The Moon of Much Gladness
- Dust-jacket from the first edition
- Author: Ernest Bramah
- Language: English
- Series: Kai Lung
- Genre: Fantasy
- Publisher: Cassell
- Publication date: 1932
- Publication place: United Kingdom
- Media type: Print (Hardback)
- Pages: 316
- Preceded by: Kai Lung Unrolls His Mat
- Followed by: Kai Lung Beneath the Mulberry Tree

= The Moon of Much Gladness =

1932 novel by Ernest Bramah

The Moon of Much Gladness is a fantasy novel by English writer Ernest Bramah, told by an unnamed narrator who may be Kai Lung, a fictional itinerant story-teller of ancient China from other books by Bramah. It was first published in hardcover in London by Cassell and Company, Ltd. in May 1932, and was reprinted in 1934. The first American edition was issued by Sheridan House in 1937.

While the fictional narrator of this novel never refers to himself by name, the British first edition is subtitled "A Kai Lung story", and the American edition has the title The Return of Kai Lung.

Unlike the other books by Bramah, it is a true novel rather than a string of short stories. The queue of the mandarin T'sin Wong has mysteriously vanished while he slept. The maiden Hwa-che seeks to solve the mystery, using the methods she has learned from the crime novels of the Western barbarians. In this she is aided by Chin-tung, the mandarin's male secretary. Initially disguised as a man, she and Chin-tung become increasingly attracted to each other as the story progresses.

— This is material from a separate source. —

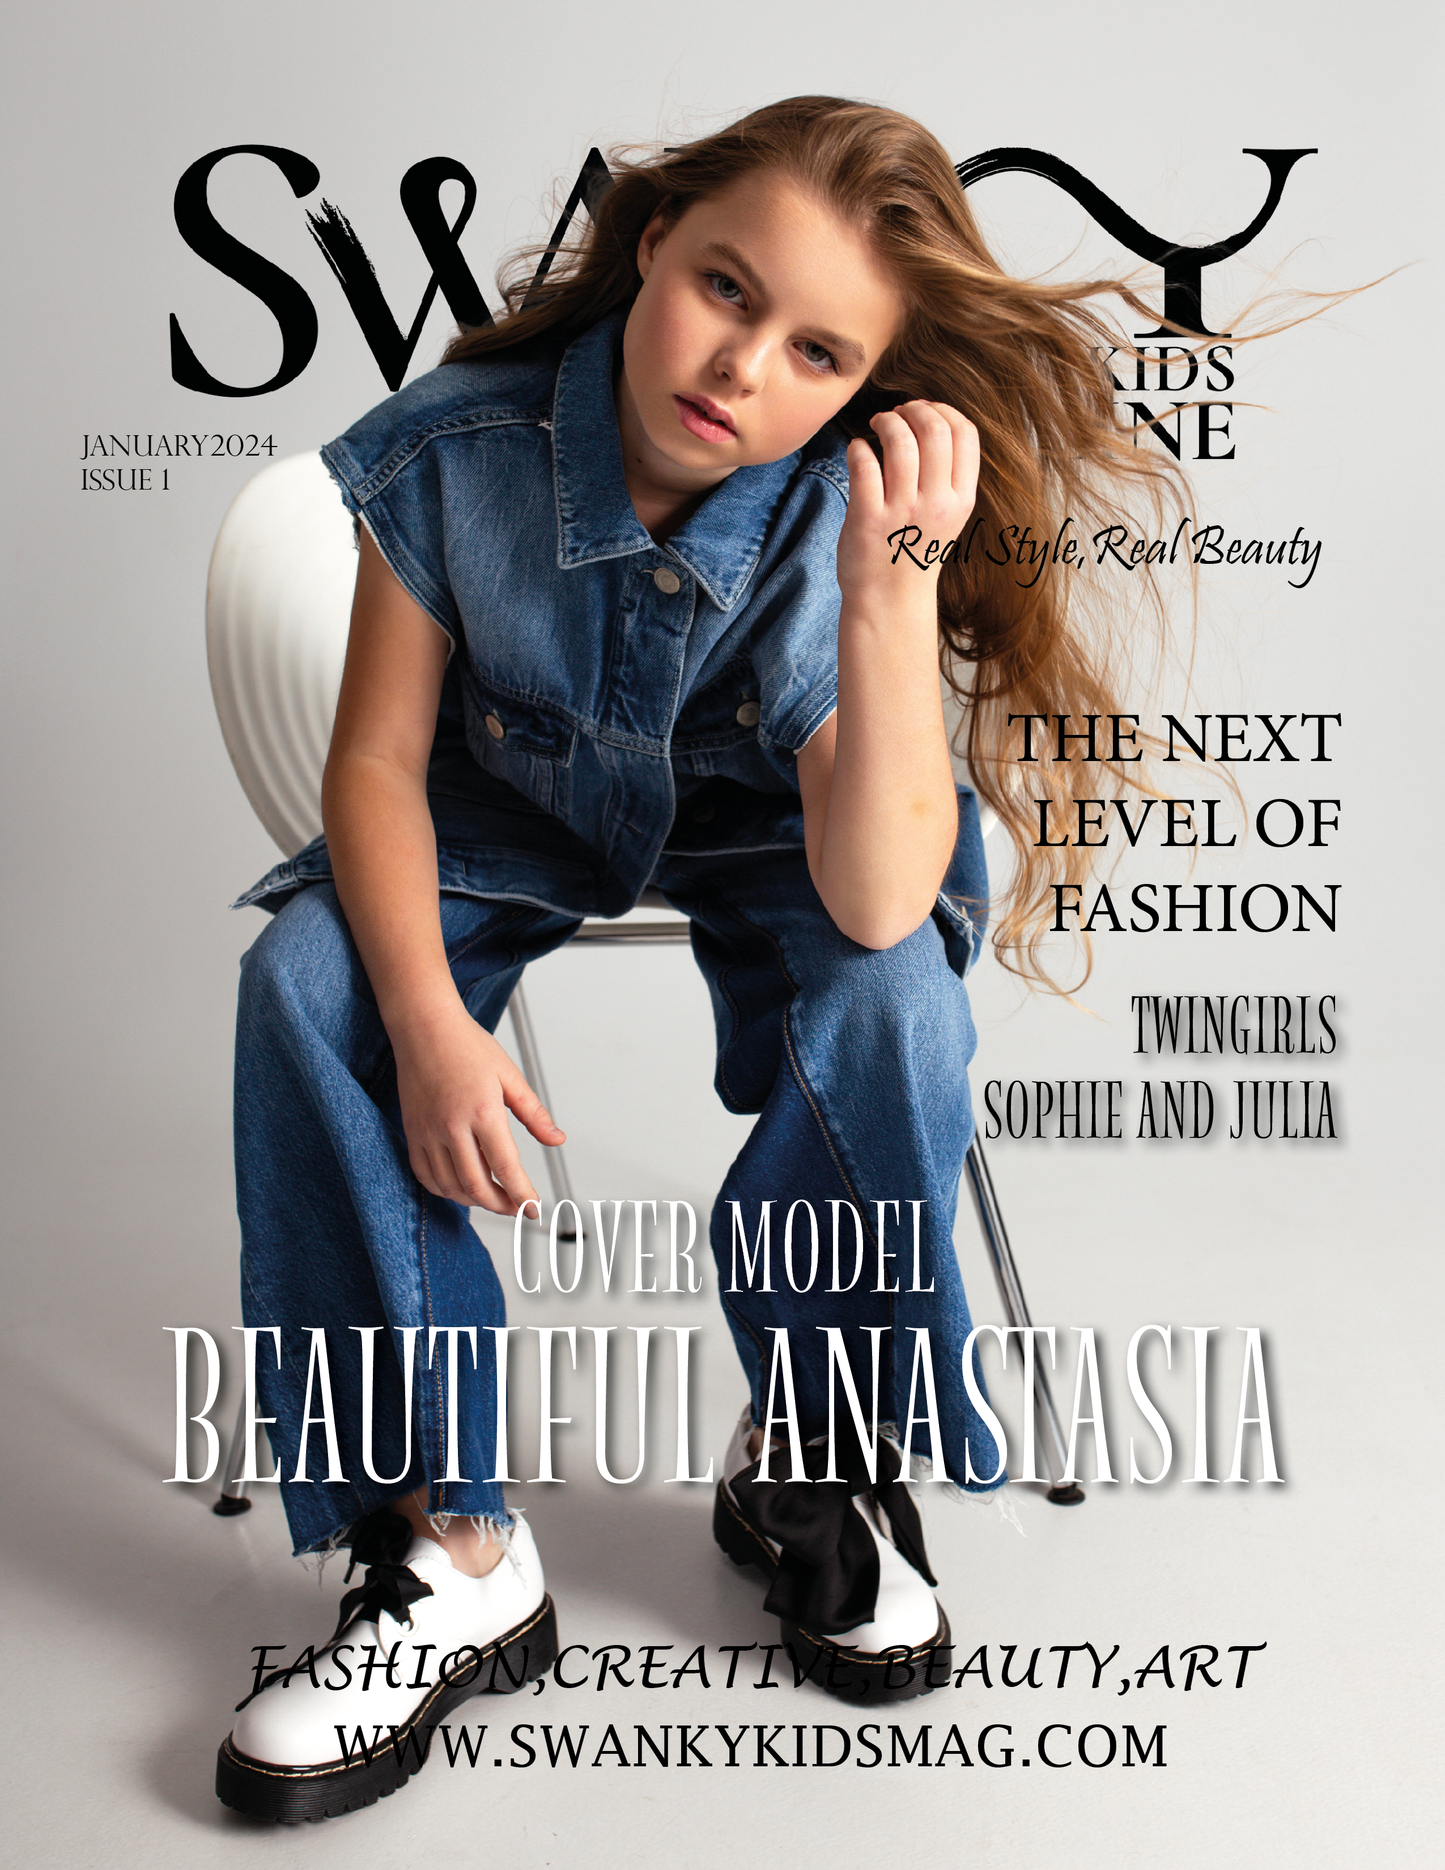 Swanky Kids Magazine - January 2024: The Kids & Teens Edition Issue 1

The story humorously spoofs the conventions of the mystery novel, and contains allusions to well known fictional detectives. Readers will catch allusions to Sherlock Holmes, Lord Peter Wimsey, and Hercule Poirot, among others. As with Bramah's other Chinese stories, much of the humor is also derived from a mock "Chinese" re-phrasing of common English expressions.